OpenSOC key elements

To whittle down the raw data into actionable information as soon as possible, Salazar mentions the OpenSOC development team focused on three key elements:

  • Context:
    The first order of business is to manage the mountains of captured data. “OpenSOC ingests data and pushes it to various processing units for advanced computation and analytics, providing the necessary context for security protection and the ability for efficient information storage,” writes Salazar. “It provides visibility and the information required for successful investigation, remediation, and forensic work.”
  • Real-time:
    Crunching the data in as near real time as possible is as important as figuring out what data is actionable. That means applying threat intelligence, geolocation, and DNS information to the collected data at scale. If it works out, analysts can make their decisions based on accurate and timely information.
  • Centralized Perspective:
    Having the correct information available quickly still falls short if it’s not in an understandable format. “The interface presents alert summaries with threat intelligence and enrichment data unique to an alert on a single page,” adds Salazar. “The advanced search capabilities and full packet-extraction tools are available for investigation without the need to pivot between multiple tools.”

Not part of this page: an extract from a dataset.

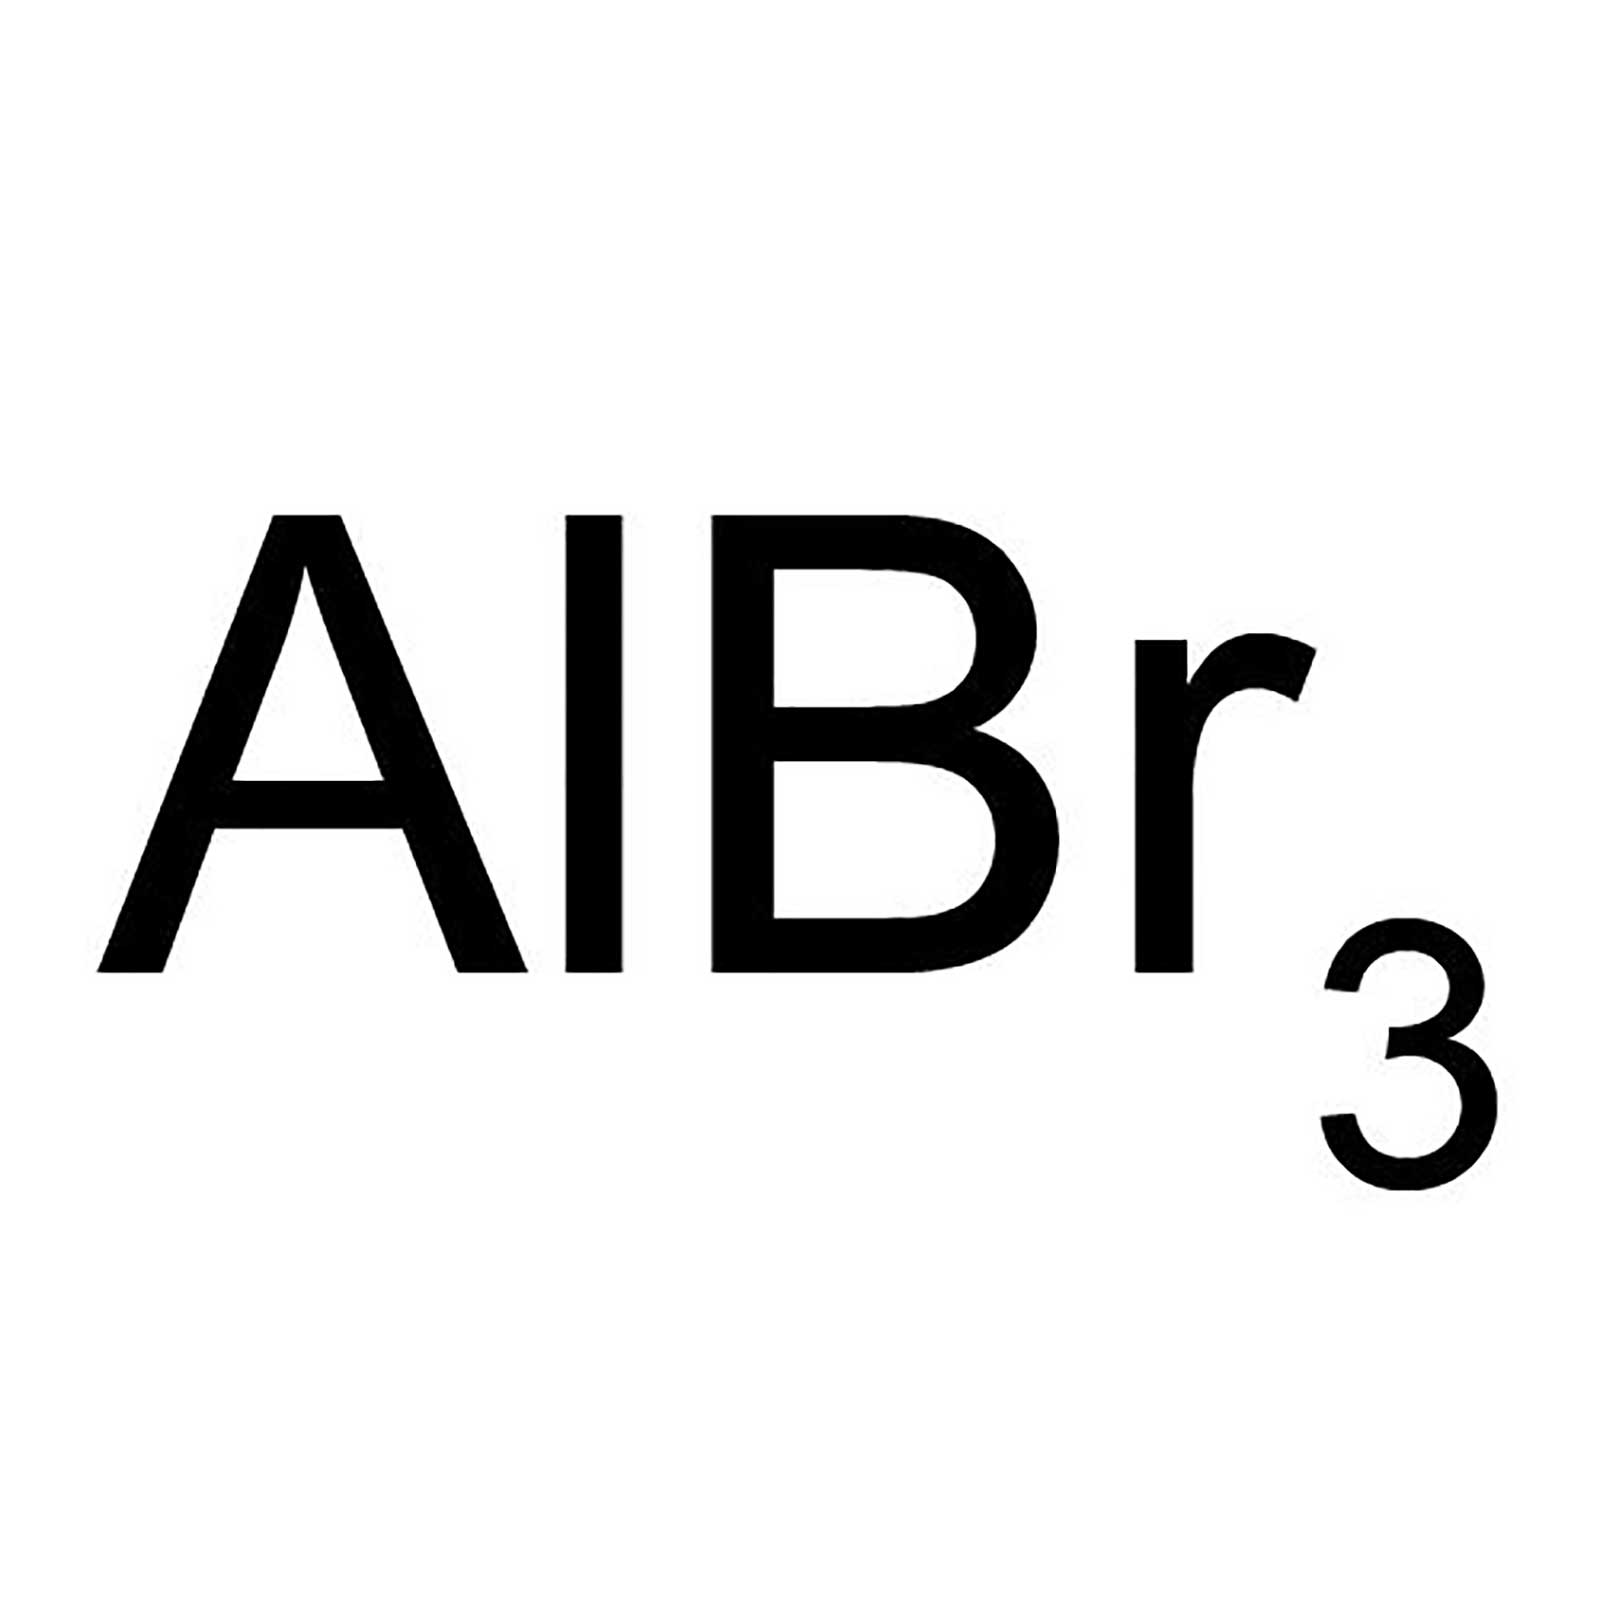 Albr3 zn. Бромид алюминия формула. Бромид алюминия 3 формула. Бромид алюминия формула химическая. Алюминия бромид алюминия алюминий..

Put simply, what Salazar points out is that by using OpenSOC, security analysts can — via a single tool — navigate through data important to them, and avoid wading through immense amounts of unstructured data. “It can be tailored to ingest and view any telemetry, whether it is for specialized medical equipment or custom-built point of sale devices,” suggests Salazar. “By leveraging Hadoop, OpenSOC also has the building blocks to scale the amount of data it collects, stores, and analyzes based on the needs of the network.”

An open source project

In 2014, Cisco and Hortonworks released OpenSOC to open source. Soon after that the OpenSOC project started. “The OpenSOC project is a collaborative open source development project dedicated to providing an extensible and scalable advanced security analytics tool,” says the OpenSOC project website. “It has strong foundations in the Apache Hadoop Framework and values collaboration for high-quality community-based open source development.”

The current OpenSOC framework provides the following capabilities:

  • Extensible spouts and parsers for attaching OpenSOC to monitor any telemetry source
  • Extensible enrichment framework for any telemetry stream
  • Anomaly detection and real-time rules-based alerts for any telemetry stream
  • Hadoop-backed storage for telemetry stream with a customizable retention time
  • Automated real-time indexing for telemetry streams backed by Elastic Search
  • Telemetry correlation and SQL query capability for data stored in Hadoop backed by Hive
  • ODBC/JDBC compatibility and integration with existing analytics tools
  • Designed to scale up to handle millions of messages per second

It is the hope of those involved in the OpenSOC Project that the framework will continually evolve, improving organizations’ ability to handle security incident response. To that end, the project has the following goals in mind:

  • To provide a collaborative open source community for development of an advanced security analytics tool
  • To encourage open communication for additional features and identification of deficiencies
  • To identify feature enhancements to to improve OpenSOC

Open SOC is unique in being an open source project that incorporates security tools, big data capture, and machine learning into one platform. However, in order to keep up with the bad guys, the project is a work in progress, with the OpenSOC project members welcoming help with development, building enhancements, and implementation support.